5. Know your audience; customize your message

Where a promise to help the company stay in line with capital accumulation plan guidelines might appeal to a controller and employee engagement might appeal to the HR representative, the CEO probably doesn't care about either. Eventually all three will need to be onboard before you go ahead and implement a plan, but it helps to speak to individual concerns along the way.

6. Be a service provider

Present an opportunity to engage and provide service to employees – provide access to tools and additional advice. Have good staff on hand to answer phones and field queries in your absence, employ specialists who can make sure renewals and other business are handled effectively and implement standard service practices.

7. Get referrals; ask for referrals

As mentioned earlier, cold-calling is a rather ineffective way of getting in the group business door.

8. Seek out company plans which haven't been serviced in a number of years

"We run into a lot of companies who haven't spoken to anybody for three of four years," says McGowan. "That happens a lot."

9. Have a good product to offer

Traditionally, the group retirement plans had high MERs and lousy default options – employees who didn't engage in the process were invested in low-interest money market accounts. "Companies are offering better default options now," says McGowan. "A balanced fund, some very conservative asset allocation models; look for better default options." On the insurance side, Fergusson says a good carrier relationship is also important, thanks to the support and flexibility such an arrangement affords. "In my opinion, the carriers have to want you to be successful," he says.

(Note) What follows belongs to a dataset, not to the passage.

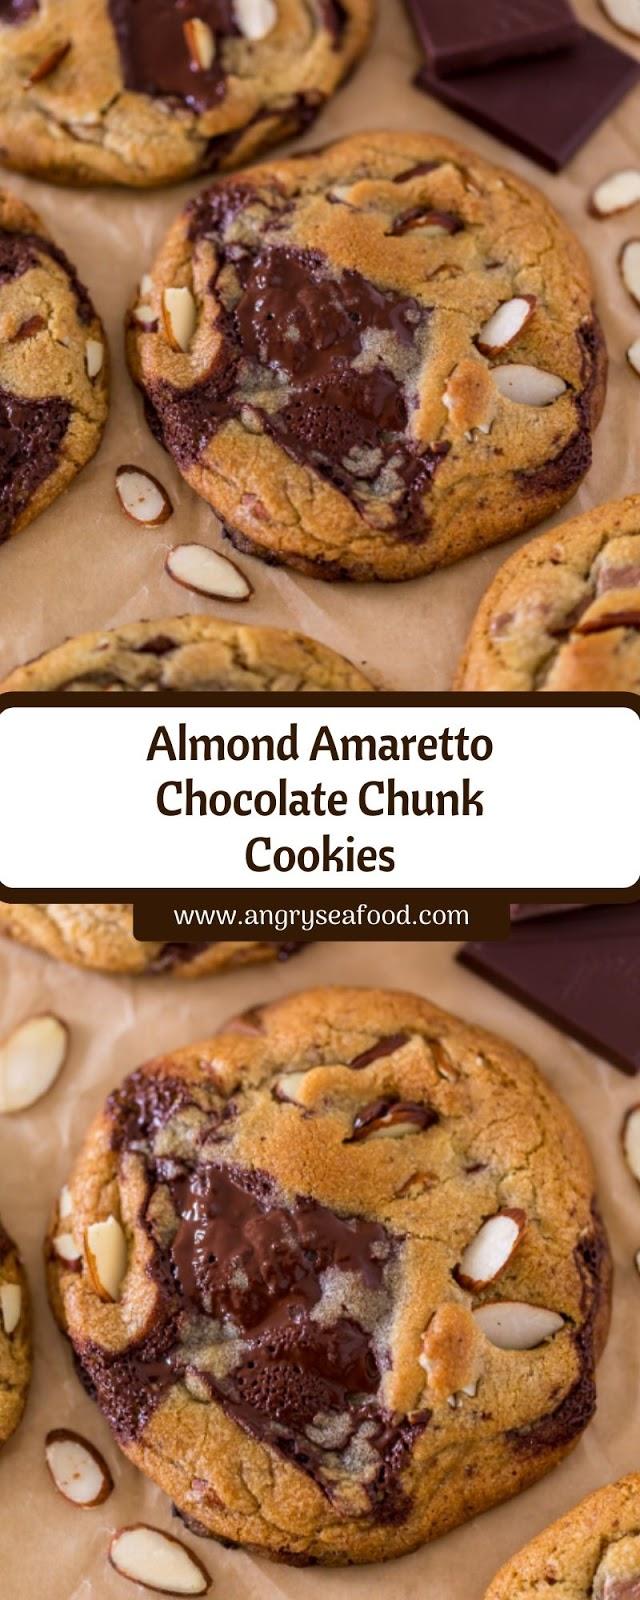 Almond Amaretto Chocolate Chunk Cookies
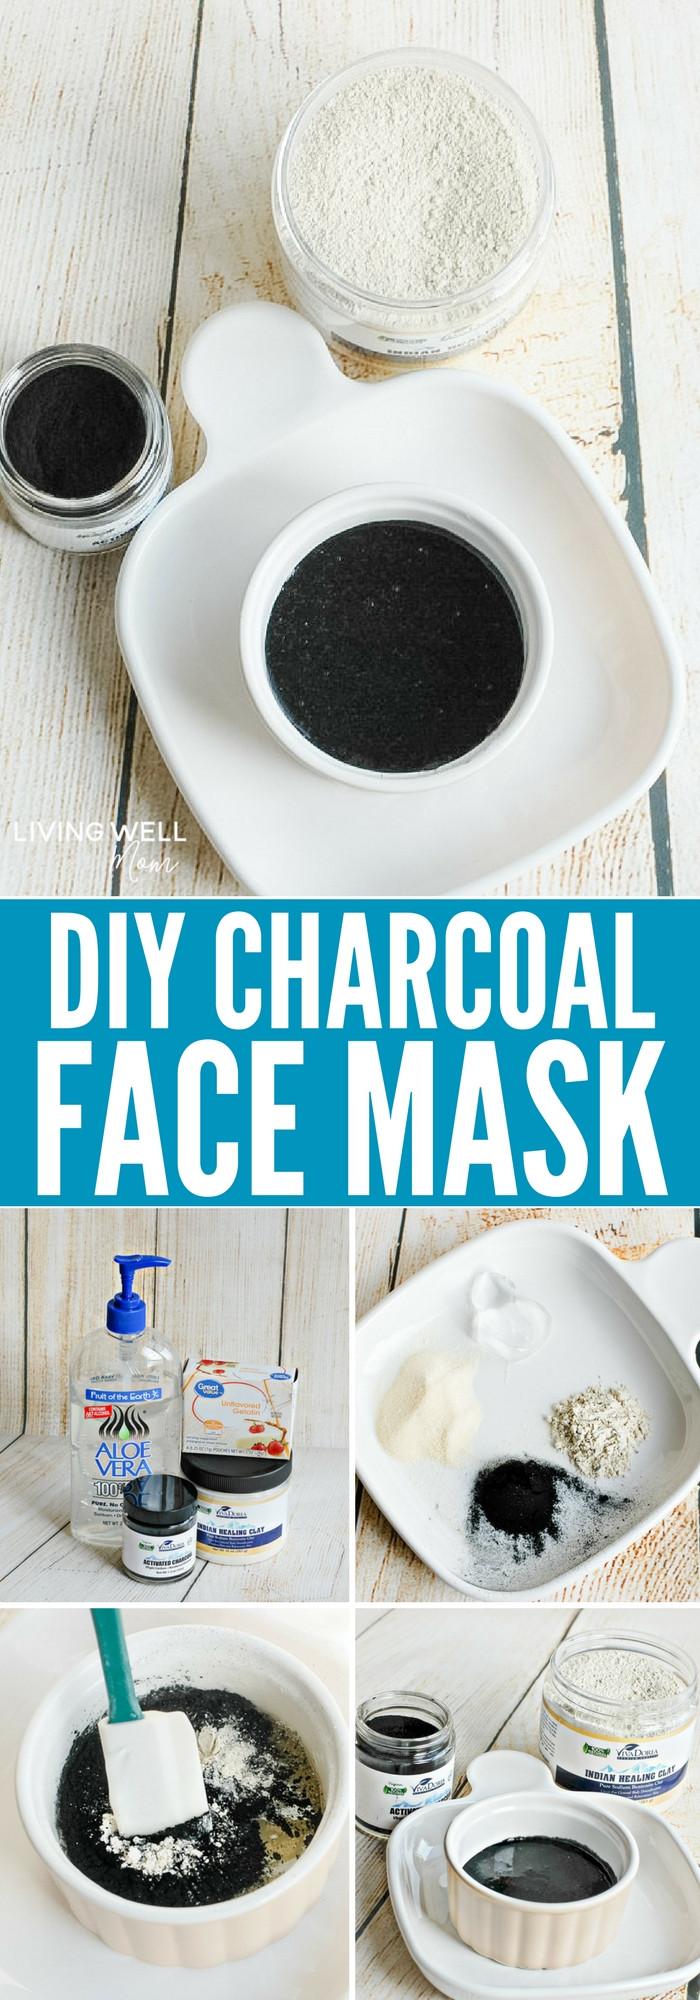 DIY Charcoal Face Mask  DIY Charcoal Face Mask Recipe Living Well Mom

10. Convince stakeholders about the merits of employer contributions

"Employers must make contributions to make the plans beneficial," says McGowan. "In our experience, if an employer says a plan is voluntary, you can contribute if you want but I'm not putting anything in, you'll be lucky if you get 10% of the employees participating."

Bonus: Have a dream list

"I know one fellow who's relatively successful in benefits, who does some prospecting on the basis of his dream list. He might pick ten companies he'd love to get into because he has a specific interest," says Laws. "He doesn't necessarily have great success, but he has fun doing it."